Project Provides Fresh Corn for Inmates, Information for Researchers
Project Provides Fresh Corn for Inmates, Information for Researchers
Miles Hart, Henderson County Jailer, likes providing work and fresh produce for the inmates at his facility.
Through a project with the University of Kentucky College of Agriculture, Hart is able to feed fresh sweet corn to the inmates as well as provide them with some outside work.
Beside the detention center is a corn field that will provide the inmates with several meals. It takes 950 ears to feed two ears of corn at the dinner meal, Hart said. In addition to the UK corn project, the inmates tend their own garden producing fresh tomatoes, green beans, watermelon, cantaloupes, peppers and other produce for their plates.
"It is as important to have a place for the inmates to work as the fresh produce that comes from it," Hart said.
The UK project organized by the Henderson County Cooperative Extension Service Agricultural Agent, Mike Smith, is in its second year and Hart said he will participate again in 2002.
"What we are doing is looking at insect management using regular and Bt sweet corn," said Ric Bessin, UK Extension Entomologist. "The Bt corn is fully approved and has been on the market for four years. What I'm interested in is seeing if European or Southwestern corn borer are able to develop on these new varieties.
"The arrangement with the detention center works well because we have the labor to pull a large number of ears in a short period of time and search those ears for corn borers," he said. "The good news is no corn borers were found feeding on the Bt corn. But we wouldn't know that if we didn't look."

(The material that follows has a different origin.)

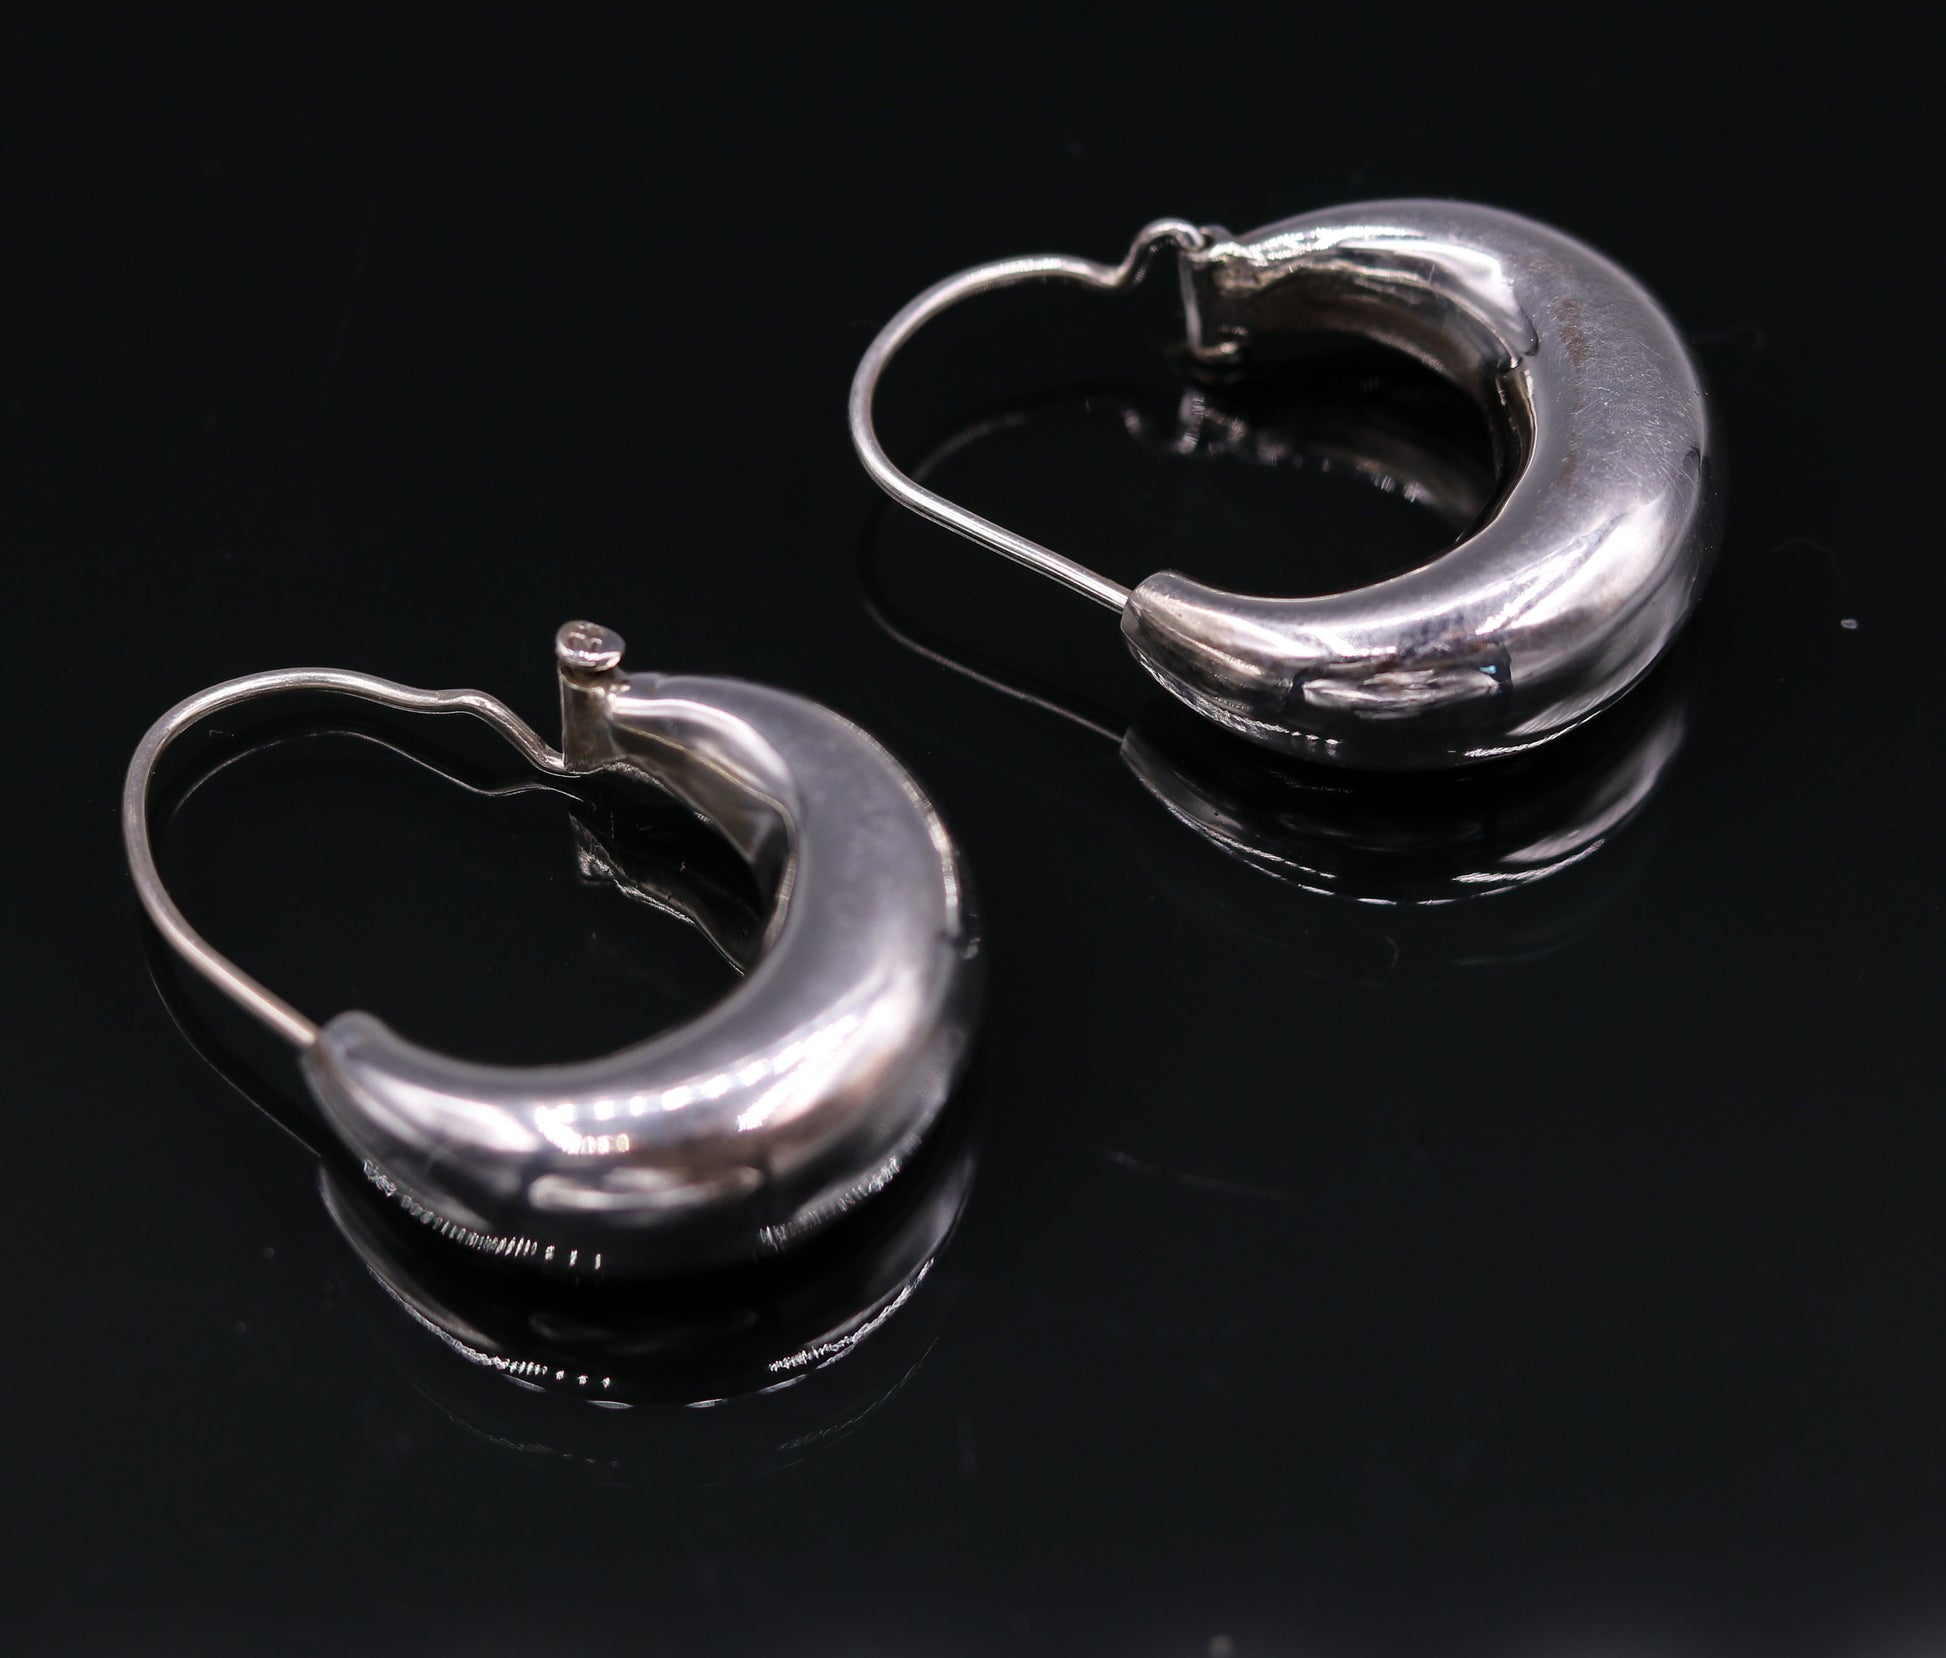 Indian traditional style 925 sterling pure silver handmade vintage style hoops earrings kundal, ethnic bali tribal jewelry from india s588 - TRIBAL ORNAMENTS

Last year, the regular sweet corn had a lot of damage, not only from corn borer but also ear worm, fall armyworm, and some Southwestern corn borer. But the Bt corn held up well. The same was proving true last week, as Bessin and his colleagues, UK Entomologists Doug Johnson and Lee Townsend, checked ears as they were brought in from the field by the inmates.
"Bt sweet corn produces high quality ears without the need for insecticide use. I took a dozen ears home last year and it was good sweet corn," Bessin said.
The project works well from everyone's standpoint, he said.
"We get the labor use. They get to have some activity here and also get the benefit of the corn as well," Bessin said. "If I did this at the university, we'd end up with a very large pile of sweet corn that groundhogs, raccoons and crows would be feeding on and most would go to waste. The nice thing here is this corn is not going to go to waste."
Another aspect of the project is that it is located in an area of Kentucky that has some of the worst corn borer problems with both Southwestern and European corn borer. Farmers have been using Bt corn to fight those insects now for several years, Bessin said.
"That's one reason why we like to look at the insects here to see if they are developing a resistance," he said.
Hart said he was approached by Mike Smith, Henderson County Extension agent for agriculture and natural resources, about participating in the project. It has worked well, he said, as he shucked an ear of corn.